Dr Ahnert added that: “The overarching challenge is to break down a humanly expressed research question into logical steps we can operationalise in a big data and machine learning environment. That’s not as easy as it seems.

“One truly new thread is that of embracing uncertainty: data science can often be working in a black and white, true or false world: one where a bank balance will always add up to the same value, no matter what.

“Living with Machines is about exploring the past and reflecting on society, it will always be subjective.

“What is key here is to let those biases filter through the whole research process, to the point where a search for a particular topic will alongside results also say what’s not there, for example, are the voices of women or particular political views not found? Can the machine prompt a more balanced query?”
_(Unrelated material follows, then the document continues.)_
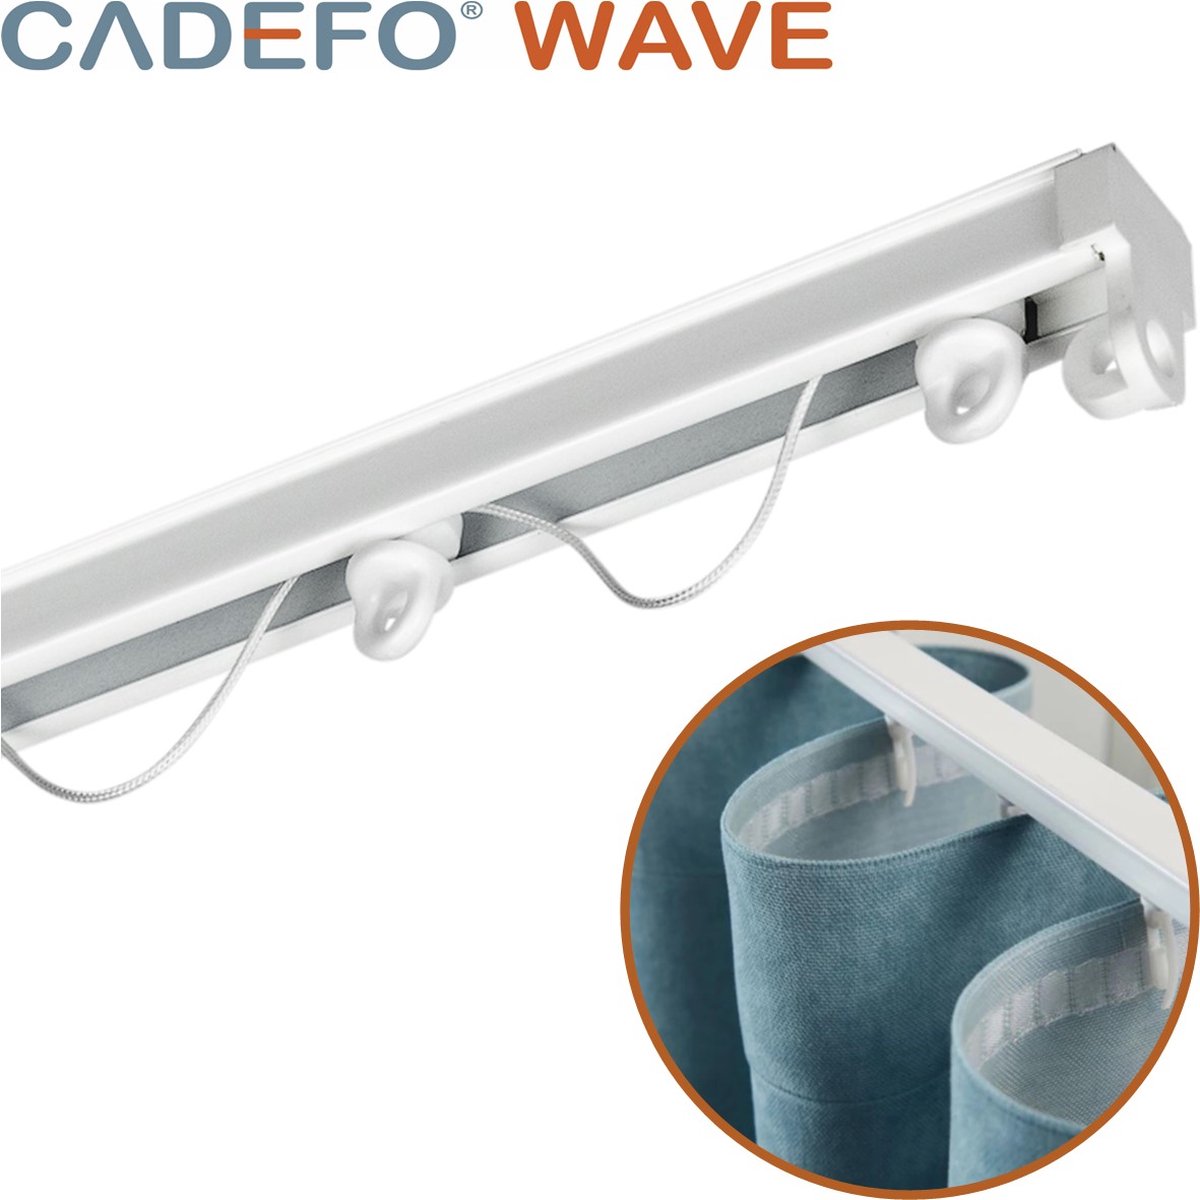 CADEFO WAVE (501 - 550 cm) Gordijnrails - Compleet op maat! - UIT 1 STUK - Leverbaar tot 6 meter - Plafondbevestiging - Lengte 545 cm

New methods in data science and AI

The Queen Mary University project will use natural language processing to model language in the sources, automatically identifying when new topics emerge, such as industrialisation, and showing how they are represented in the discourse.
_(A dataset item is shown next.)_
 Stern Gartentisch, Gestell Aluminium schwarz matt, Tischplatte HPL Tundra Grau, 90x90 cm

It will also consider how discussion around topics changes over time, and between geographies and communities.

Ahnert said it is vital to capture the sentiment from various perspectives, groups and people.

The research will distinguish the names of people, places and processes, which is useful for searching, and will work out, for example, where Smith is a person and not a blacksmith.

This disambiguation will use algorithms based on, and understanding, context.

This means that human interest stories otherwise buried within millions of pages of newspapers can be pulled out of the sources.

There is also a technique to mix distant and close reading, exploring texts at a higher level and then zooming into the content to study people and communities and then individuals.

Ahnert described this as flipping the research process so that instead of looking for a keyword, which the researcher already knows, the data tells a story.

The team expect 100 Terabytes of textual content and an additional challenge will be giving access to everyone so that there is the best setting for collaboration and developing new ideas.